- Screenshot of SeaTools for Windows 1.4.0.2. It has detected three hard disk drives, one of them (the second) is a Seagate Technology model for which it is designed. Three tests have been run on disks. In order: S.M.A.R.T test, short self-test, short generic test.
- Developer: Seagate Technology
- Initial release: January 30, 2007; 19 years ago
- Stable release: DOS: 2.23 (December 31, 2010; 15 years ago); Windows: 5.2.5 (January 8, 2026; 4 months ago);
- Operating system: DOS Microsoft Windows
- Platform: .NET Framework
- Available in: English, Chinese, French, Italian, German, Japanese, Portuguese, Spanish, Russian
- License: Freeware
- Website: www.seagate.com/support/downloads/seatools/

= SeaTools =

Software for hard disk diagnostic

SeaTools is a computer hard disk analysis software developed and released by Seagate Technology. It exists as a version for DOS (bundled in a bootable medium with FreeDOS) and Microsoft Windows. It can perform short and long drive self-tests and read/write tests, extract S.M.A.R.T. indicators and drive information, and perform advanced tests.
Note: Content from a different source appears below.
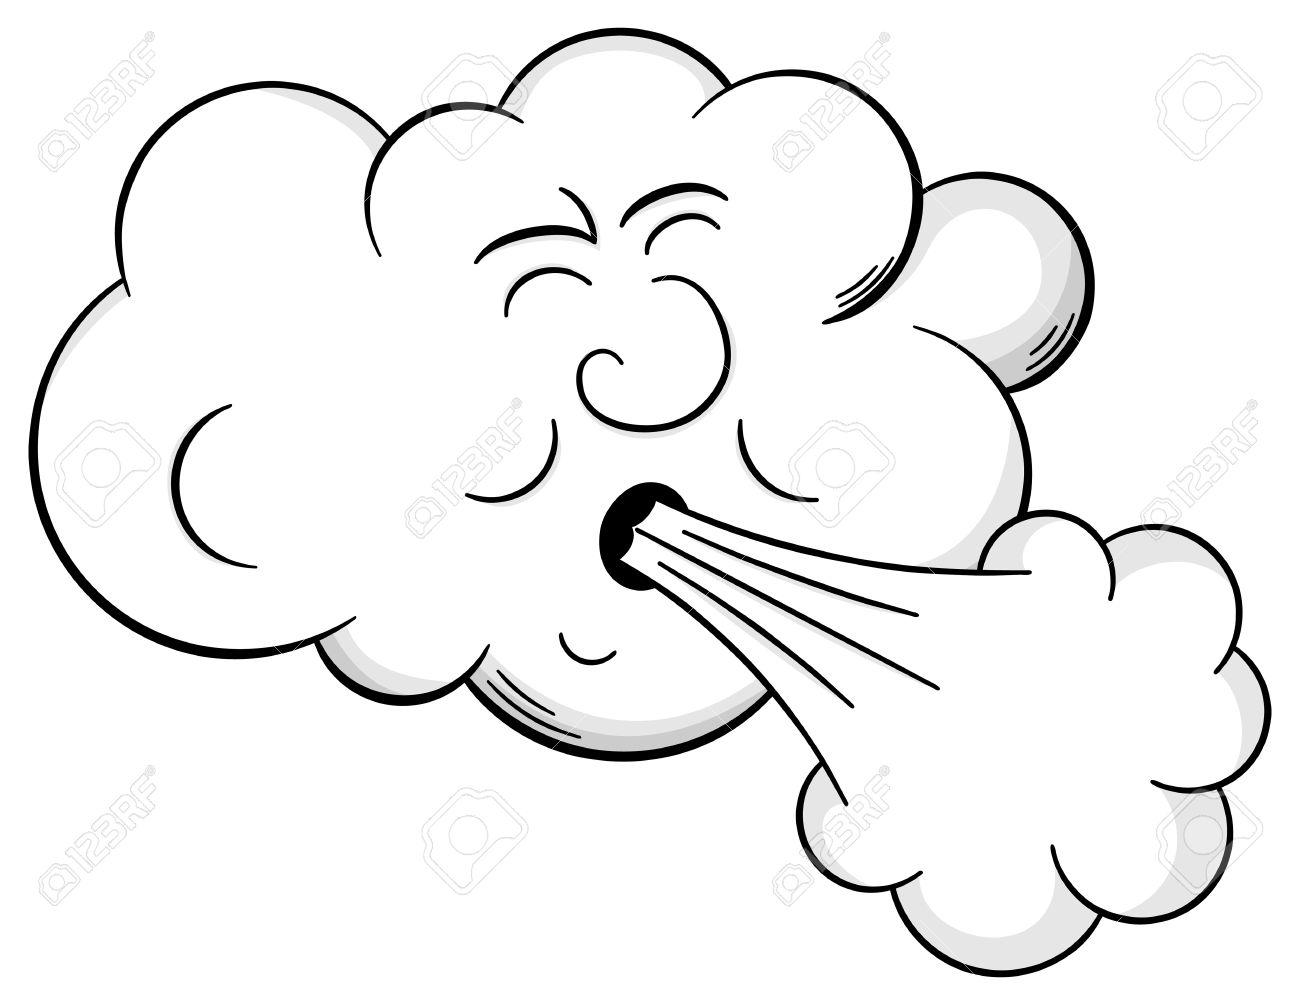 Qu es el viento busqueda global - Dessiner le vent ...

It was created by Seagate in response to the fact that more than one third of all drives sent in for repair were actually not defective at all, thus creating unnecessary costs for retailers and the company by having to ship and analyze such disks.

==SeaTools for DOS==
SeaTools for DOS comes in a package with the FreeDOS operating system. It can be downloaded as a bootable ISO image from the Seagate website.

==SeaTools for Windows==
The Windows version of SeaTools supports any hard disk regardless of manufacturer. It supports analysis for disks connected via PATA/SATA, USB, IEEE 1394, SAS and SCSI.

==SeaTools Enterprise==
The enterprise edition is still provided as a legacy version for Seagate hard disks only. It supports only SCSI or Fibre Channel drives and is designed for use with servers and workstations by supporting tests of multiple drives simultaneously as well as sequentially.